Dit is een gastbijdrage. Een Apache-lezer levert met dit stuk een bijdrage aan het maatschappelijk debat. De auteur schrijft in eigen naam en is verantwoordelijk voor de inhoud van de tekst.

Het mediaproces van een verkrachter

Walter De Smedt
frequency-949236_1920
Radiofrequentie (Foto: (c) Pixabay)

Nu noemt Liesbeth Kennes, woordvoerder van de slachtoffervereniging 'Wij Spreken voor Onszelf', het Gentse arrest waardoor de probatie voor een verkrachter werd bevestigd "een kaakslag voor slachtoffers". Volgens haar ontmoedigt dit de slachtoffers om aangifte te doen. Er zou ook geen gevolg gegeven zijn aan de bekentenis.

Staatssecretaris voor Gelijke Kansen Elke Sleurs (N-VA) reageerde ook: "Wanneer een verkrachter ongestraft vrijkomt, geef je aan alle andere slachtoffers het signaal dat het geen zin heeft om aangifte te doen. Terwijl we hen net moeten aanmoedigen om wél aangifte te doen."

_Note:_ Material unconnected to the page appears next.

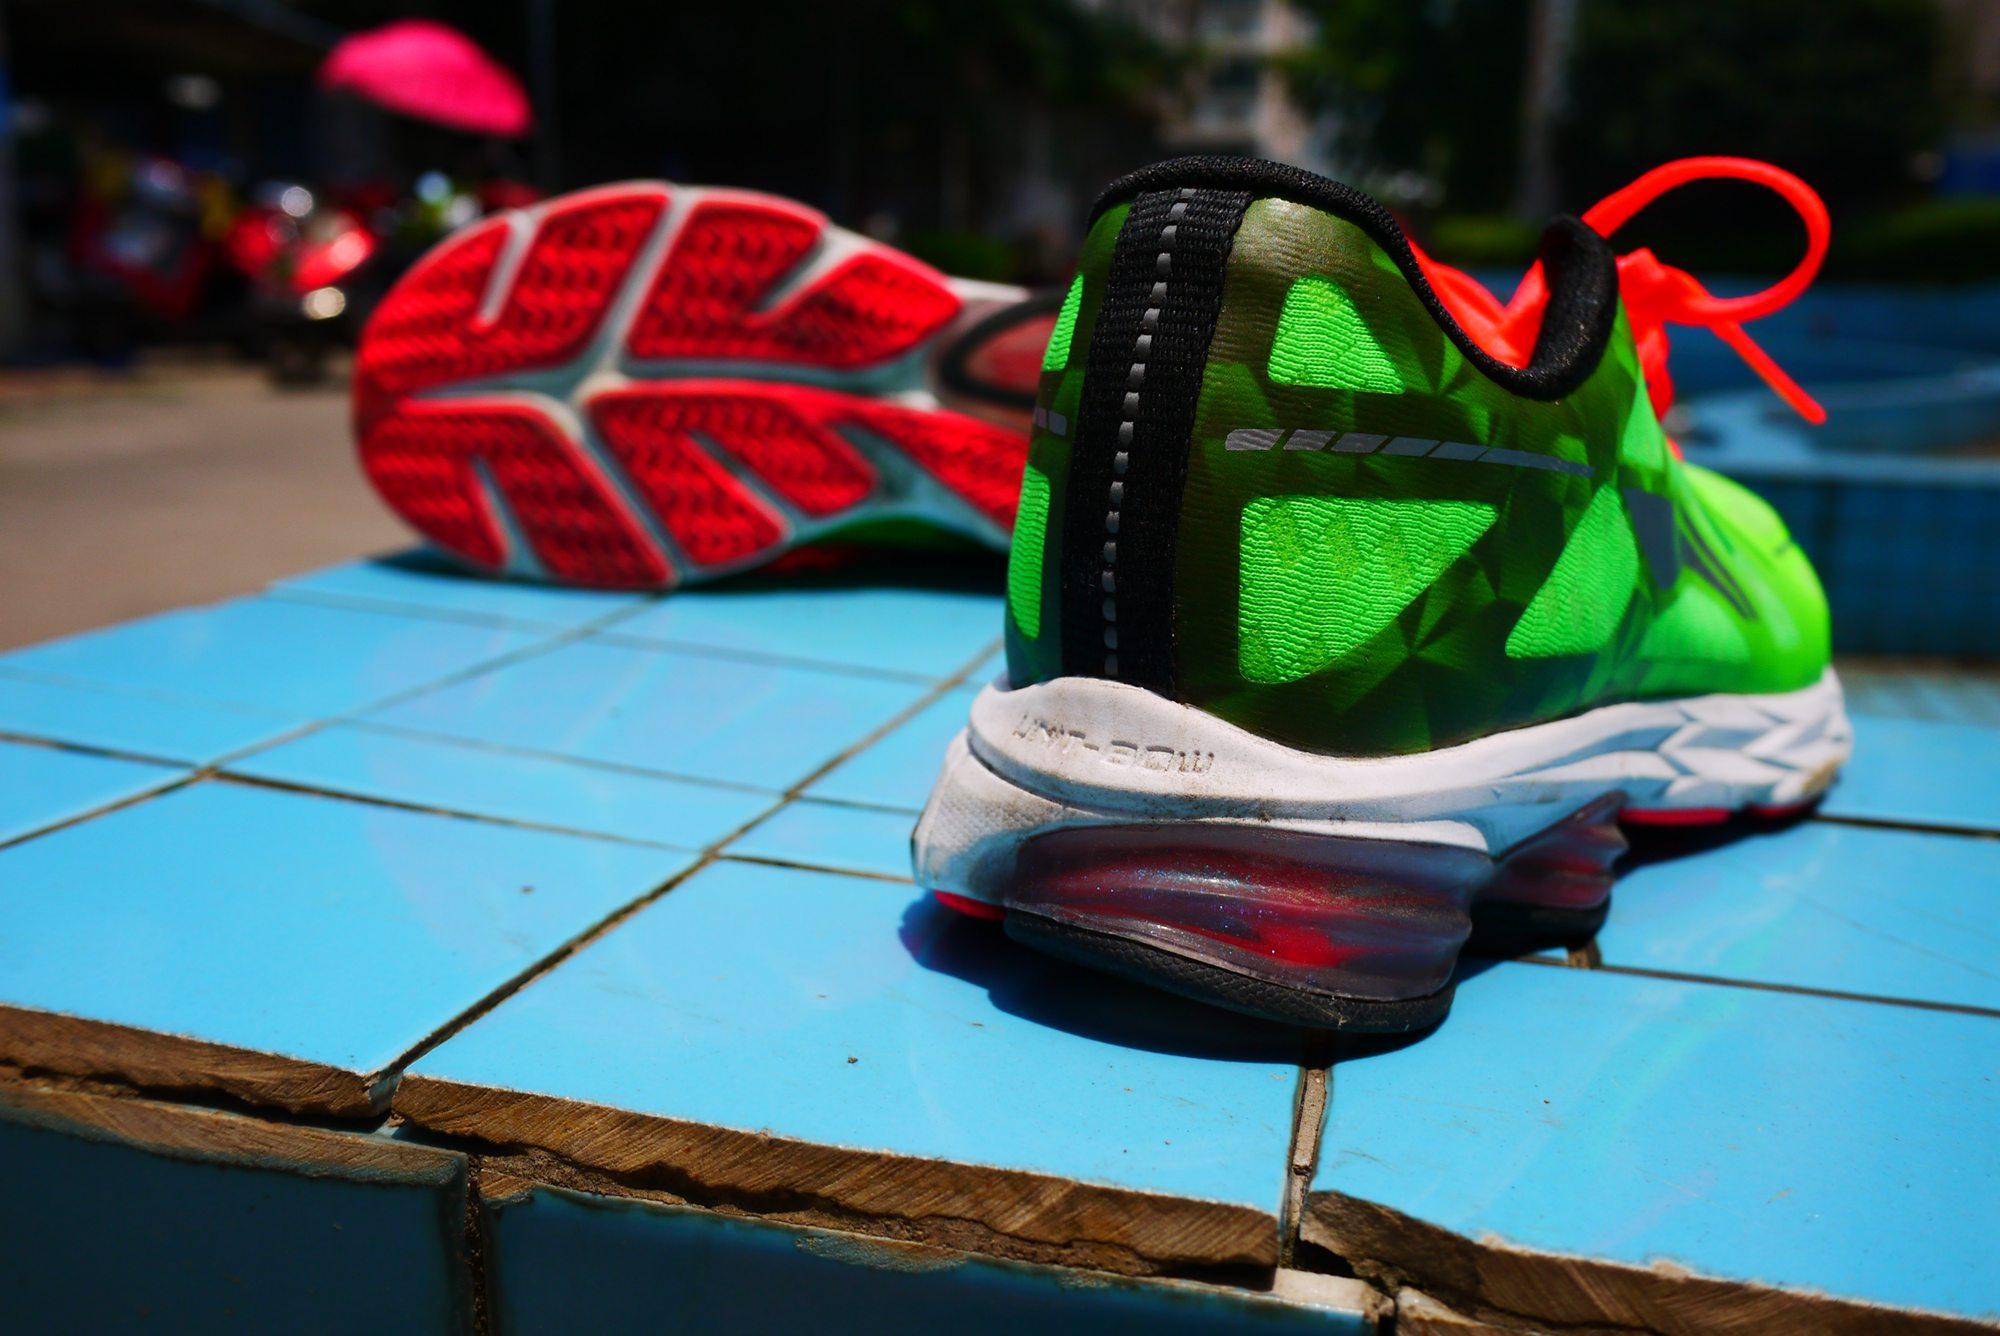 由于测试时间有限,因此这双李宁环弓二代跑鞋只经过三次试跑。分别是十公里慢跑一次,八公里田径场配速跑一次,公园23公里长距离拉练一次。合计试跑了四十公里。  基于鞋的重量及自身特点,可以肯定的是,环弓二代是一双称职的慢跑鞋,从我实际路跑的情况来看,也的确如此。当我以530左右配速行进的时候,这双鞋给我的感觉是非常棒的,脚踝部加厚的设计及弹性三明治帮面让这双鞋包裹性极佳,即便是加宽了的鞋楦让我的前脚掌在奔跑时会在鞋内略有左右移动,但并不影响触地的感觉,反而更能够让双脚在炎热的夏天保持更多的清爽。  从设计意图
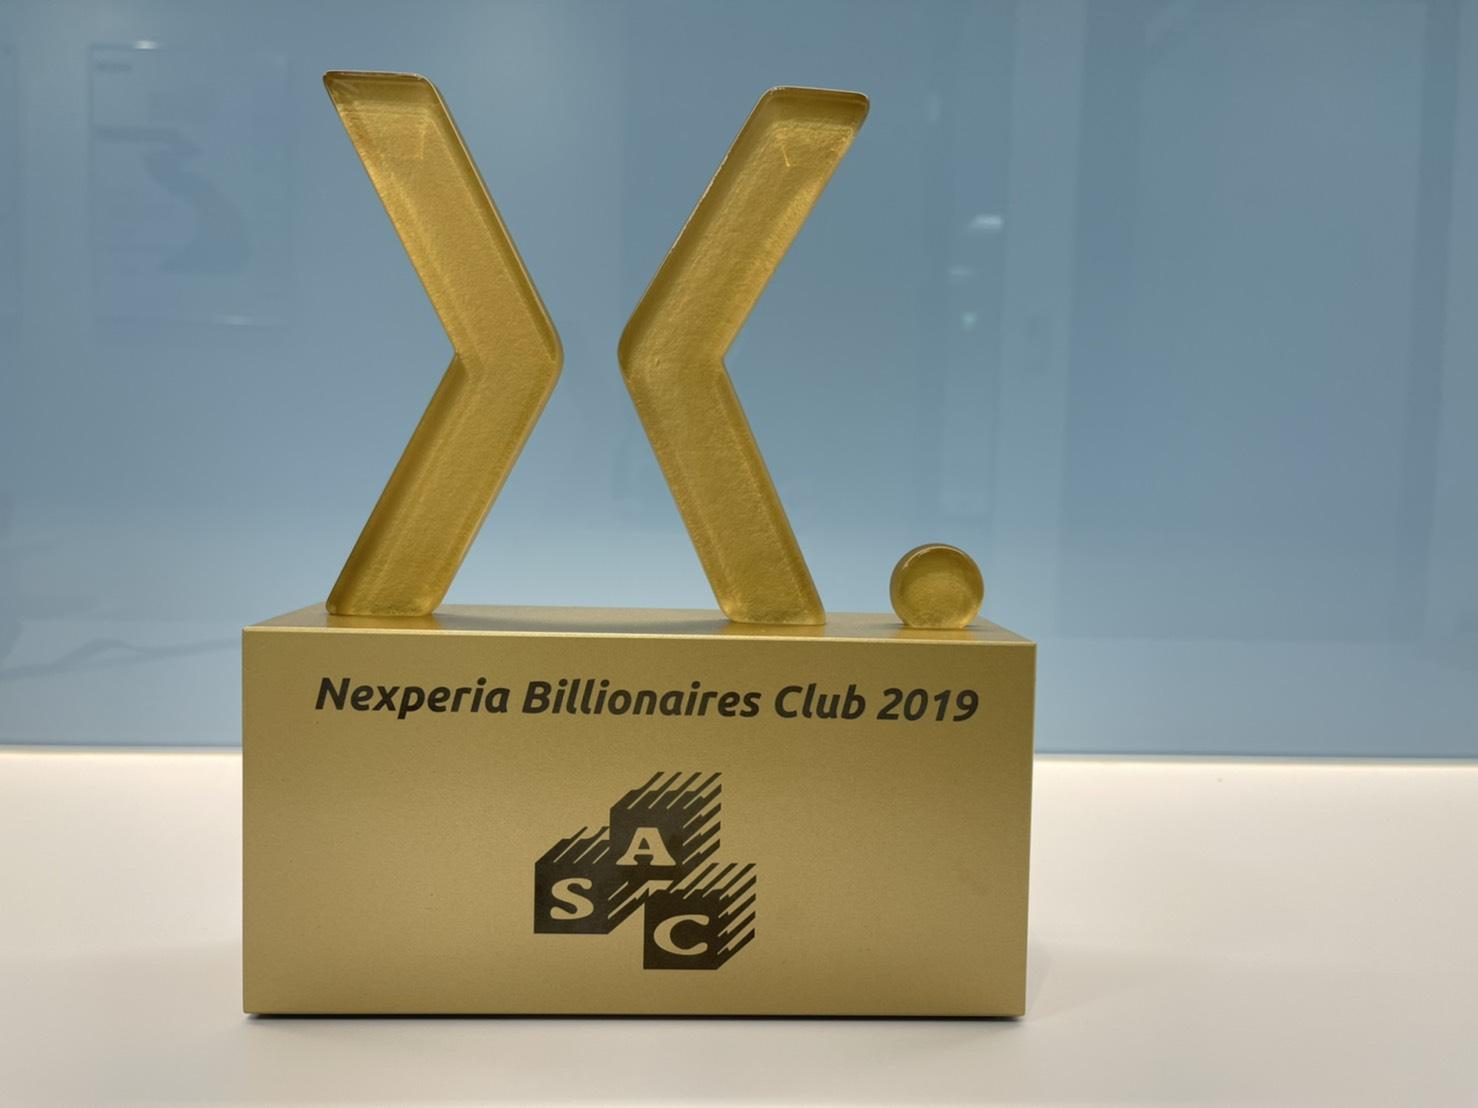 Nexperia Billionaires Club 2019

De burger die dat allemaal hoort of leest, wordt door de publieke commentaren met heel wat vragen opgezadeld. Werd de verdachte veroordeeld voor verkrachting? Is een neen van het slachtoffer daarvoor voldoende? Werd er dan geen gevolg gegeven aan de bekentenis? Waarom werd hij niet gestraft? Maar ook: zijn onze rechters dan zo onbekwaam zodat zij een bijkomende opleiding moeten krijgen?

Het arrest

Door de publieke commentaren krijgt de burger meerdere antwoorden: geen gevolg, niet bestraft, onbekwaam. Maar de burger heeft het proces niet bijgewoond en de rechterlijke uitspraken niet gelezen. En wellicht is dat ook het geval voor de justitieminister en de staatssecretaris. Het is nochtans de moeite om dat wel te doen: in het negen bladzijden tellende arrest van het hof van beroep worden de feiten weergeven, de omstandigheden en de persoonlijke elementen onderzocht, het deskundig verslag besproken en aangegeven om welke reden probatie onder voorwaarden de meest aangewezen sanctie is. Uit respect voor het slachtoffer gaan wij niet in op de feiten.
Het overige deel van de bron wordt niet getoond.